Documents → Indexing → Concept Extraction → Question Generation → Quiz
- Index: Documents are chunked and embedded into a vector store. Concepts and question seeds are extracted.
- Retrieve: Relevant content is retrieved based on the request.
- Generate: Questions with correct answers and 3 distractors are generated in batches per concept.
Installation
Requirements:
- Python 3.9+
- For local LLMs (free, recommended for indexing):
- Ollama with models:
gemma3:4b(general tasks)embeddinggemma(embeddings)- Optional:
qwen2-math:7b-instruct-q4_K_M(specialist question generation)
- Ollama with models:
- For cloud LLMs (optional, better quality):
- OpenAI API key (for GPT-4, GPT-4o, etc.)
- Anthropic API key (for Claude models)
- Google API key (for Gemini models)
Setup:
# Clone and install
git clone https://github.com/timothyckl/quizard-generator.git
cd quizard-generator
pip install -e .
# For local-only setup (Ollama)
ollama pull gemma3:4b
ollama pull qwen2-math:7b-instruct-q4_K_M
ollama pull embeddinggemma
# For cloud providers (optional)
pip install llama-index-llms-openai llama-index-embeddings-openai
# OR
pip install llama-index-llms-anthropic
# OR
pip install llama-index-llms-gemini
Usage
Method 1: CLI
Prepare your content:
Place documents in data/<domain>/:
data/
├── math/
│ ├── algebra.pdf
│ └── calculus.pdf
└── biology/
└── cell_biology.pdf
Supported formats: .txt, .pdf, .docx, .pptx
Index a domain:
# Full index (first time or rebuild)
quizard index --domain math
# Update index (only new files)
quizard index-update --domain math
# Refresh index (re-index modified files)
quizard index-refresh --domain math
Generate a quiz:
# Generate 5 questions (uses default Ollama provider)
quizard generate --domain math --num-questions 5
# With difficulty level
quizard generate --domain math --num-questions 10 --difficulty hard
# With custom instruction
quizard generate --domain math --num-questions 5 --instruction "Focus on algebra"

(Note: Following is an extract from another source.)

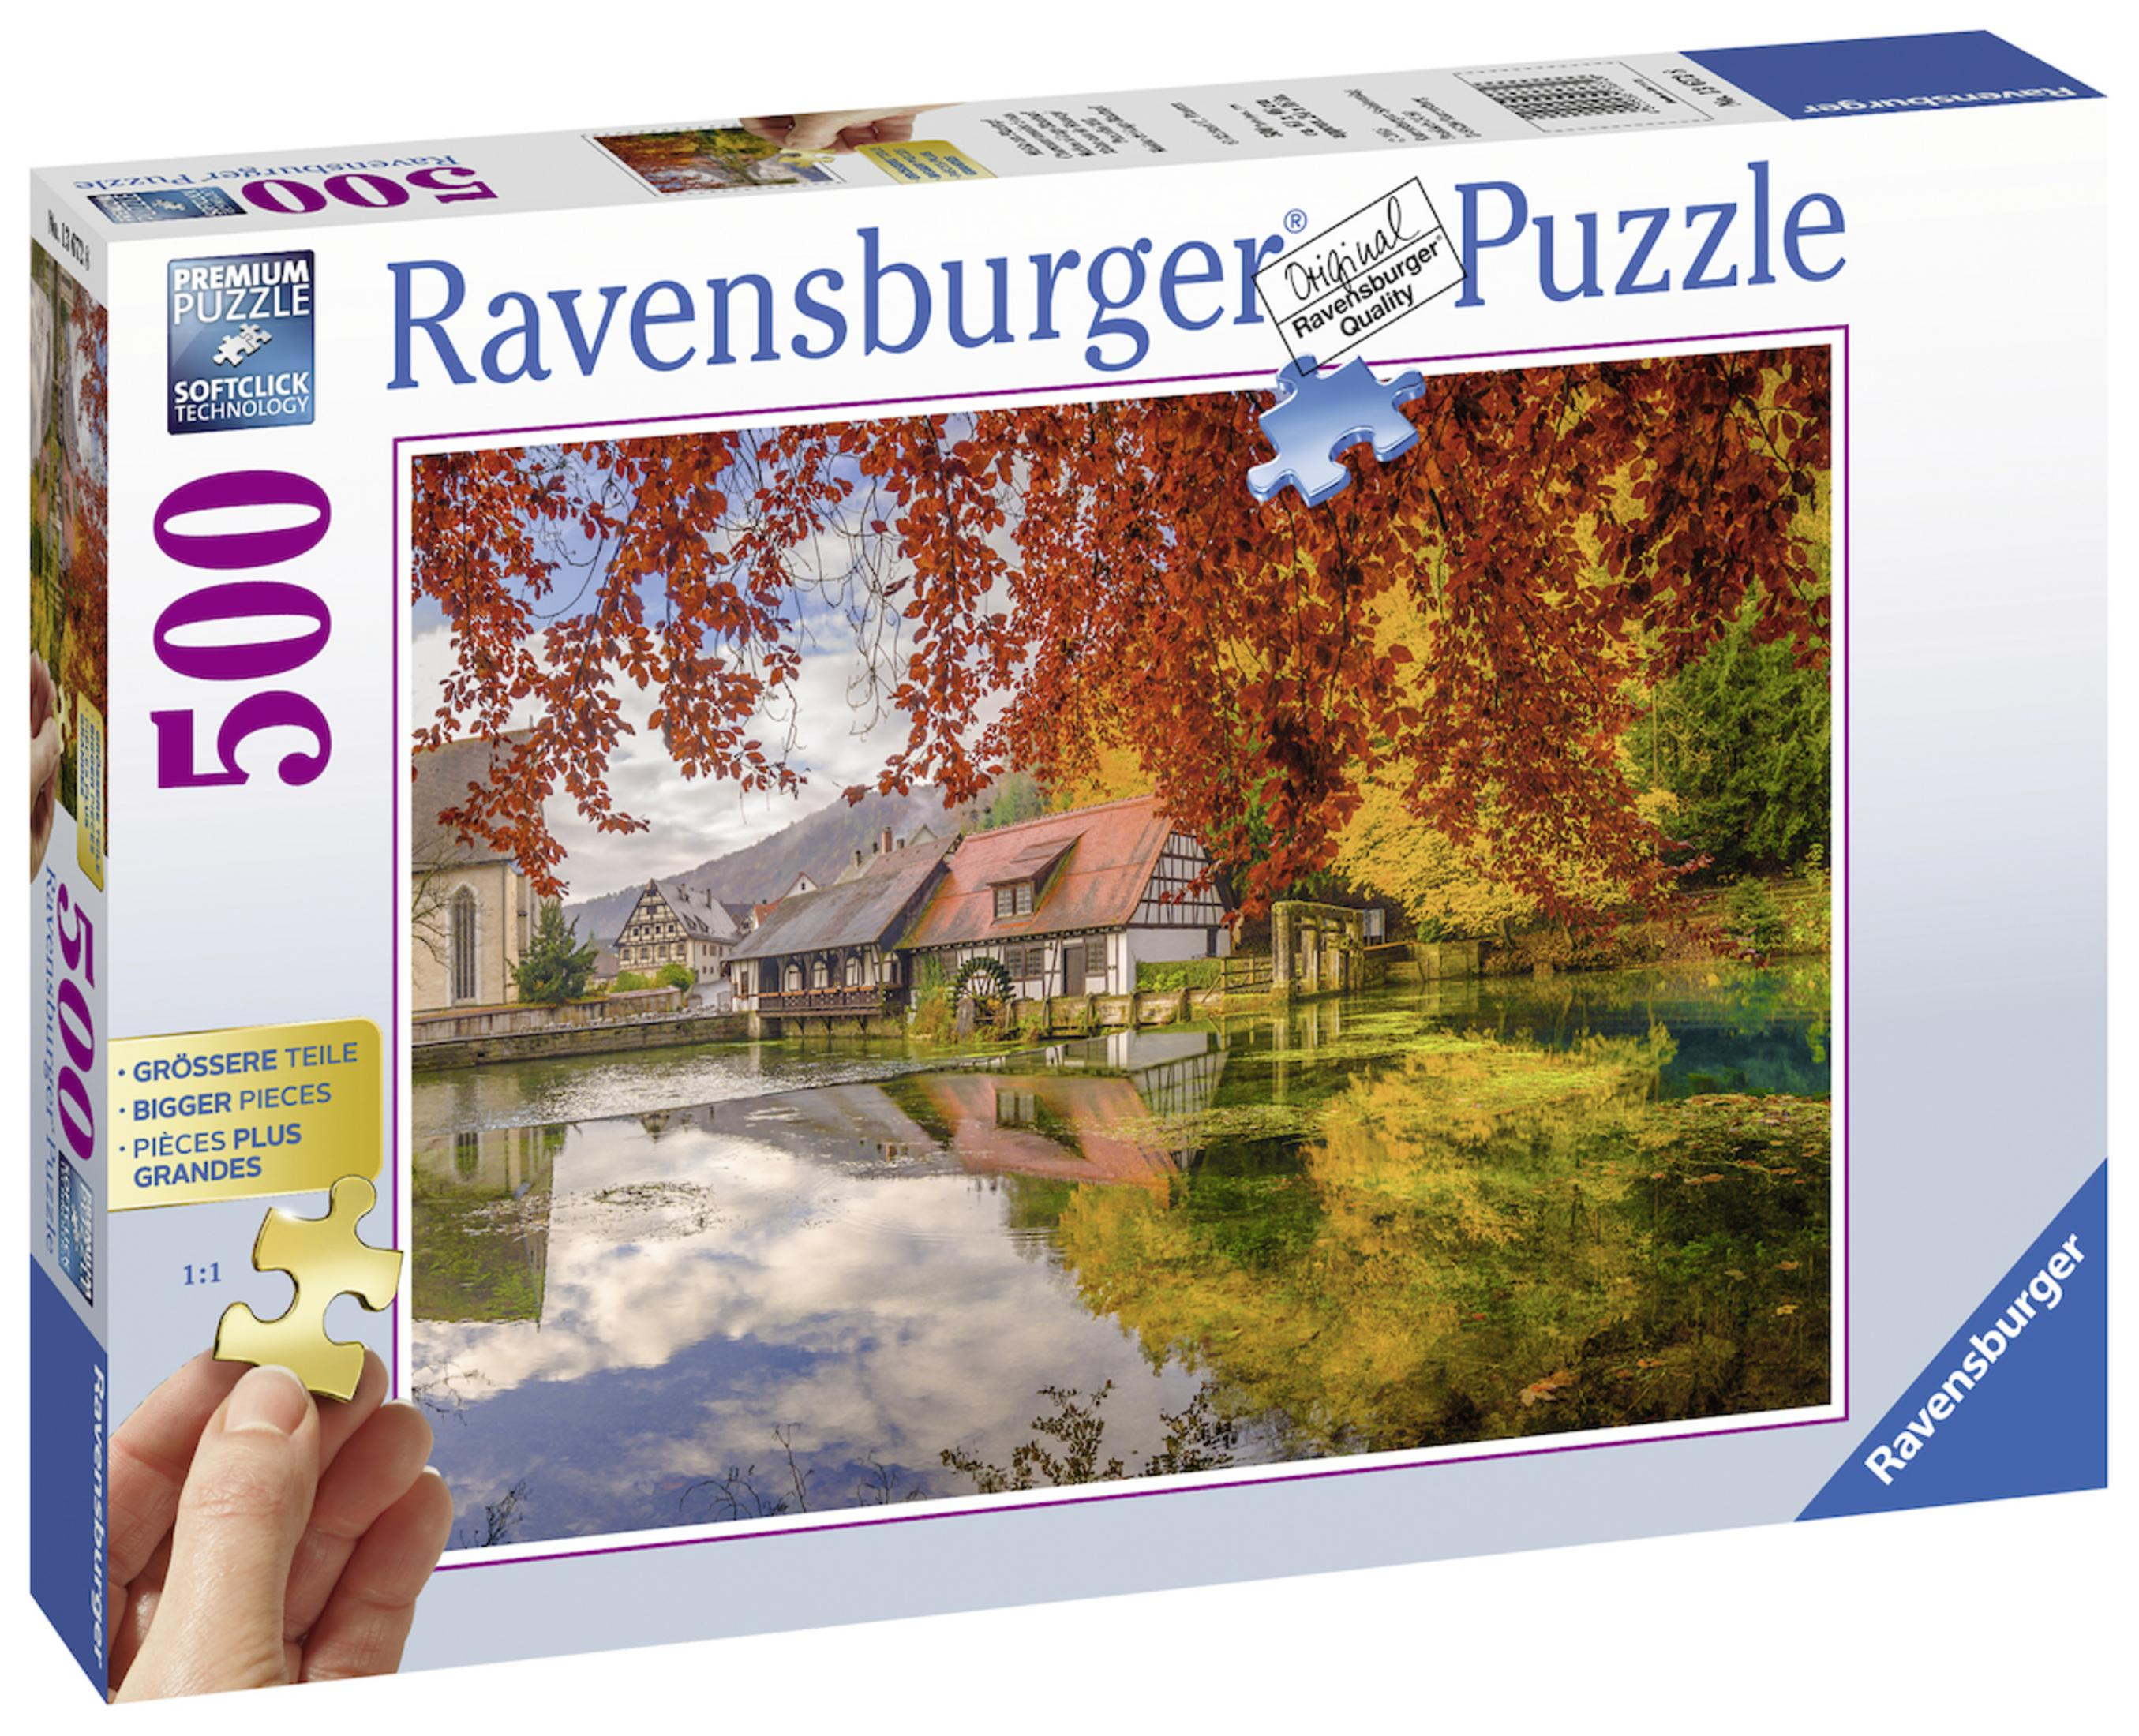 BLAUTOPF AM Puzzle MÜHLE RAVENSBURGER 13672

# Using cloud provider (requires config.yaml or environment variables)
export OPENAI_API_KEY=sk-...
quizard generate --domain math --num-questions 5 --config config.yaml
Check available domains:
quizard list-domains
See CLI Reference below for all commands.
Method 2: Python API
from llama_index.core import load_index_from_storage, StorageContext
from quizard_generator import (
QuizardConfig,
QuizardContext,
QuizGenerationPipeline,
Difficulty,
)
def main():
# configure - using Ollama (default)
config = QuizardConfig(
data_dir="data",
storage_dir="storage",
llm_provider="ollama", # or "openai", "anthropic", "google"
indexing_llm_model="gemma3:4b",
)
# use context manager for LlamaIndex Settings
with QuizardContext(config):
# load existing index (assumes domain is already indexed)

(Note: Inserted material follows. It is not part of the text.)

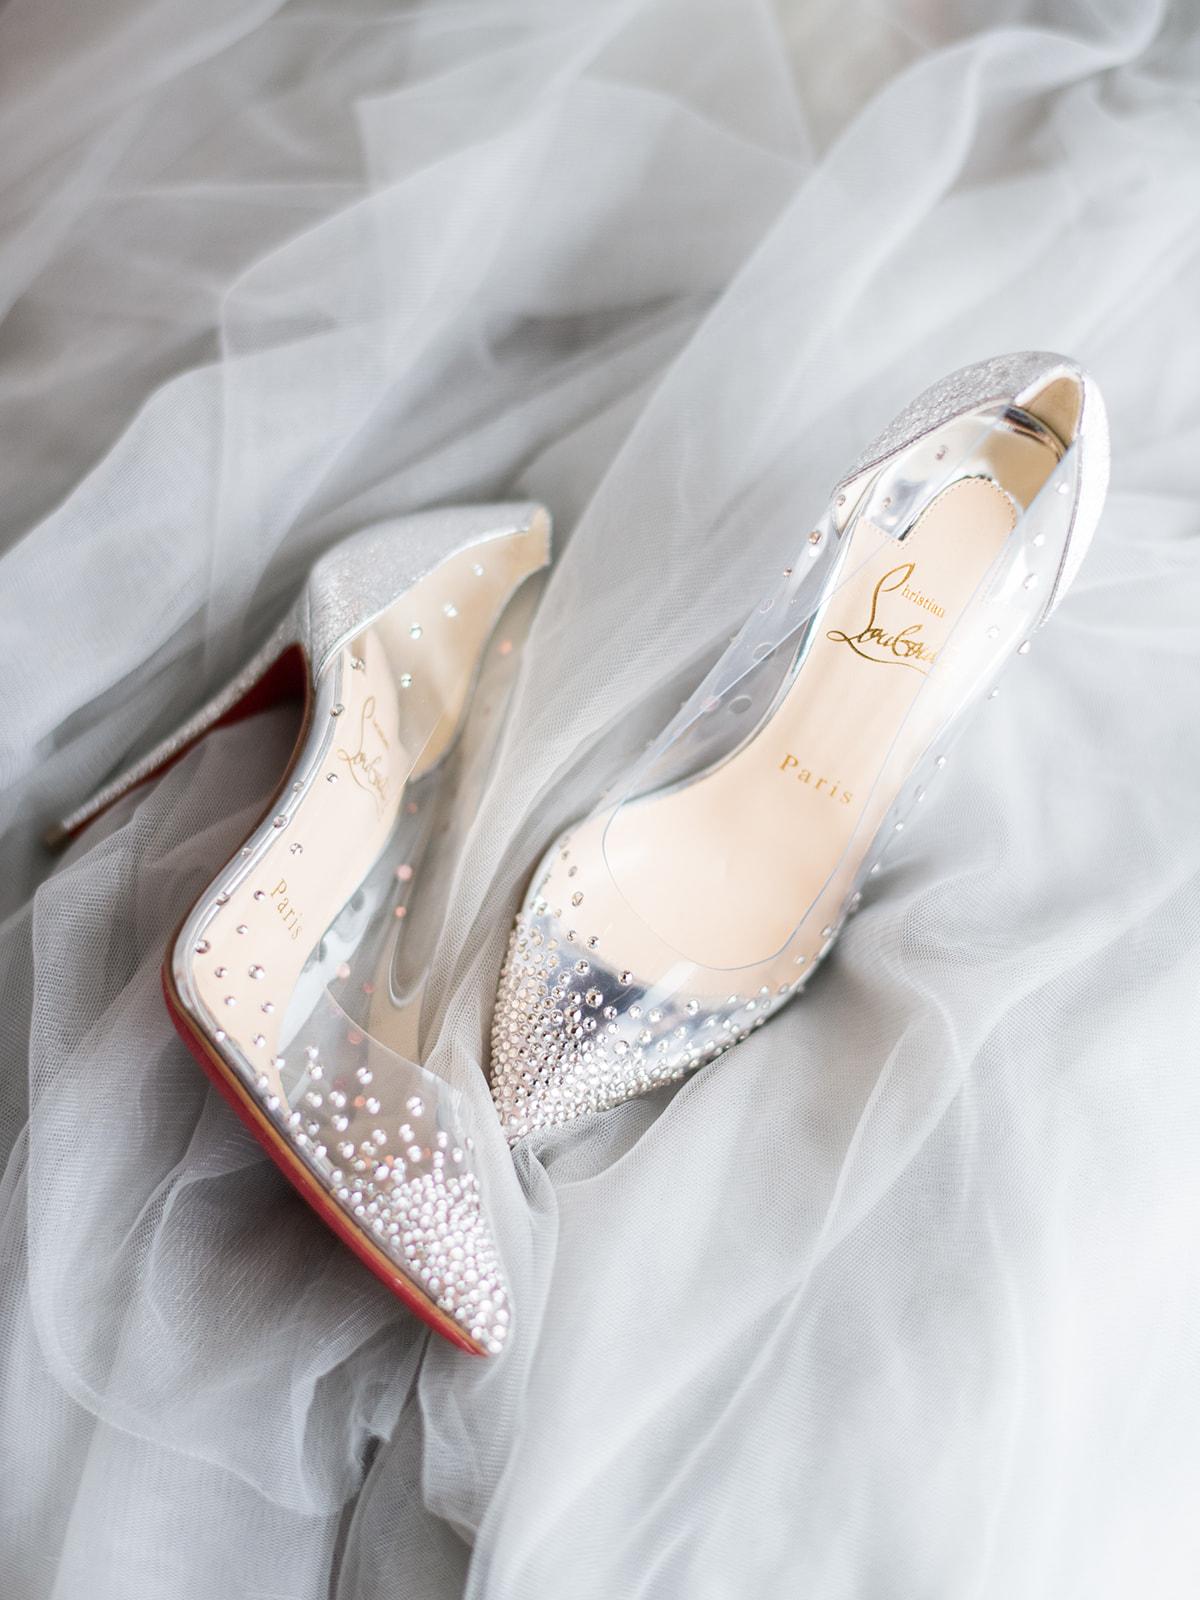 vuitton wedding heels

storage_context = StorageContext.from_defaults(
persist_dir="storage/math"
)
index = load_index_from_storage(storage_context)
# generate quiz
pipeline = QuizGenerationPipeline(index=index)
quiz = pipeline.generate_quiz(
instruction="Focus on algebra",
num_questions=5,
difficulty=Difficulty.MEDIUM,
)
# access quiz metadata
print(f"Quiz: {quiz.title}")
print(f"Description: {quiz.description}")
# use quiz
for idx, q in enumerate(quiz.questions, 1):
print(f"\n{idx}. {q.question}")
for i, opt in enumerate(q.options):
print(f" {chr(65+i)}. {opt}")
print(f" Answer: {chr(65 + q.correct_answer_index)}")
print(f" Explanation: {q.explanation}")
main()
Load configuration from YAML:
config = QuizardConfig.from_yaml("config.yaml")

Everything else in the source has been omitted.